Task goal: For the listing that follows, give again exactly the lines from the one with "People Outraged Over" to the one with "Feature | businessman", including both.

---------- Supplied information

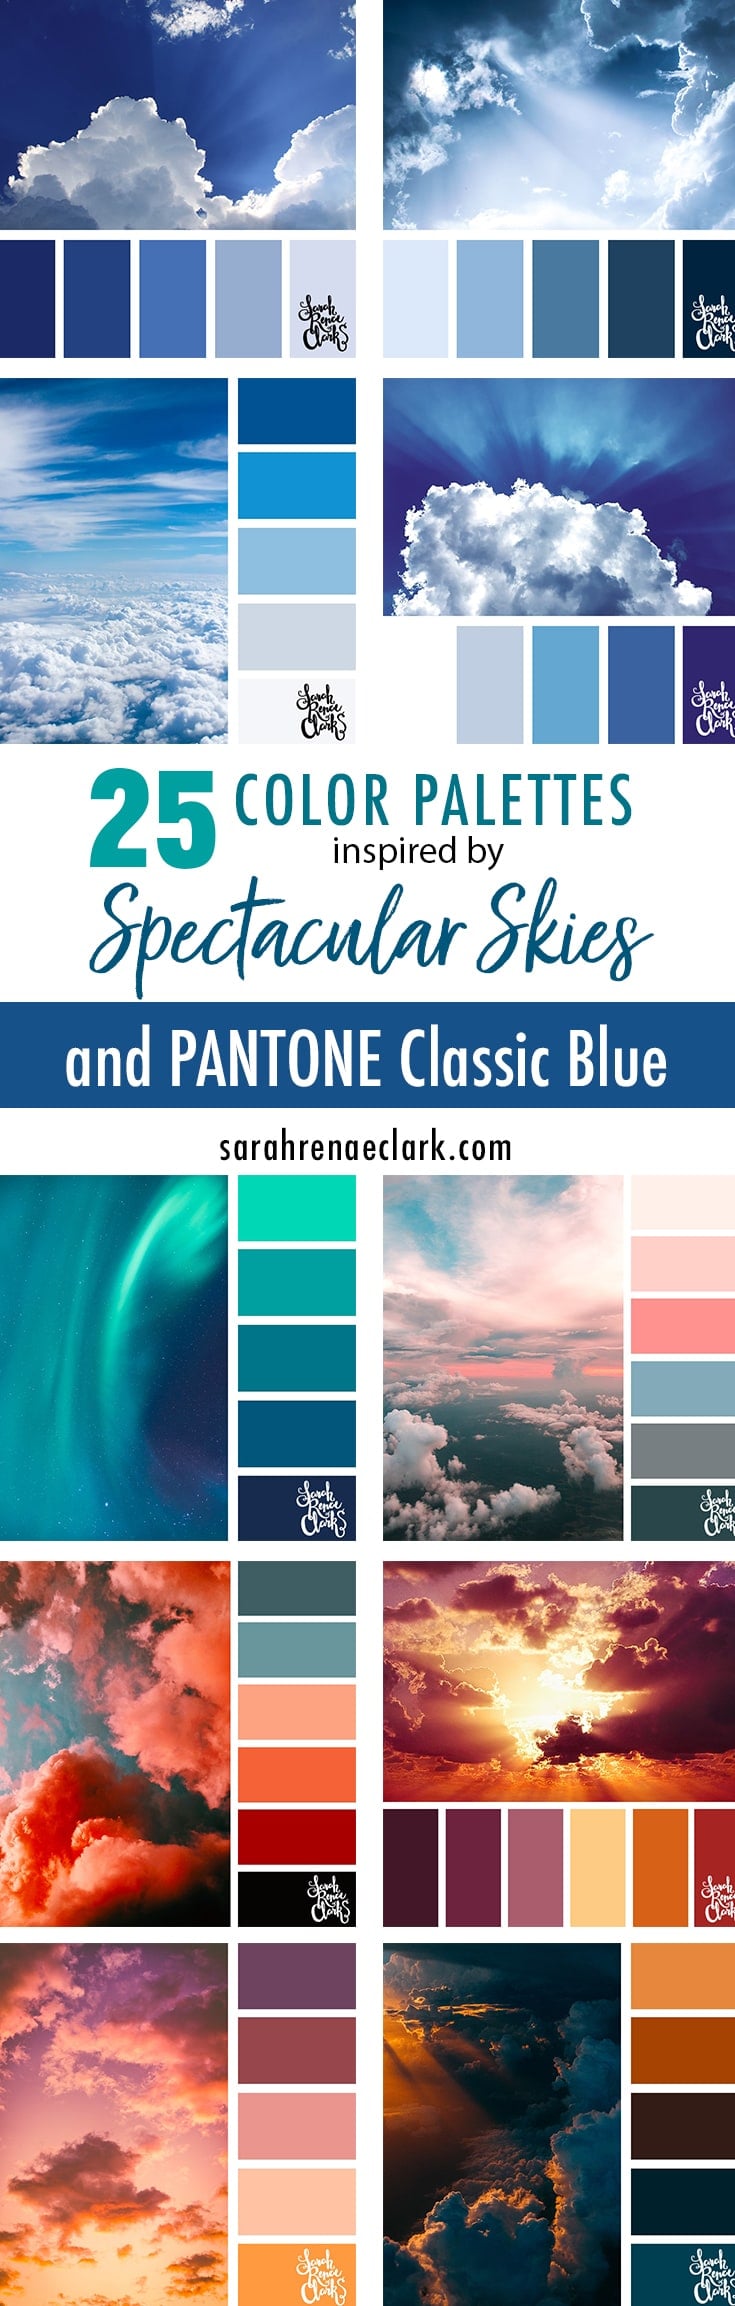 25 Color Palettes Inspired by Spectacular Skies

--------------------
---------- Supplied information

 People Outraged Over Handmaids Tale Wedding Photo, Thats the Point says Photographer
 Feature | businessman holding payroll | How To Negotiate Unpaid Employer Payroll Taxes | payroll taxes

--------------------

Final answer:
 People Outraged Over Handmaids Tale Wedding Photo, Thats the Point says Photographer
 Feature | businessman holding payroll | How To Negotiate Unpaid Employer Payroll Taxes | payroll taxes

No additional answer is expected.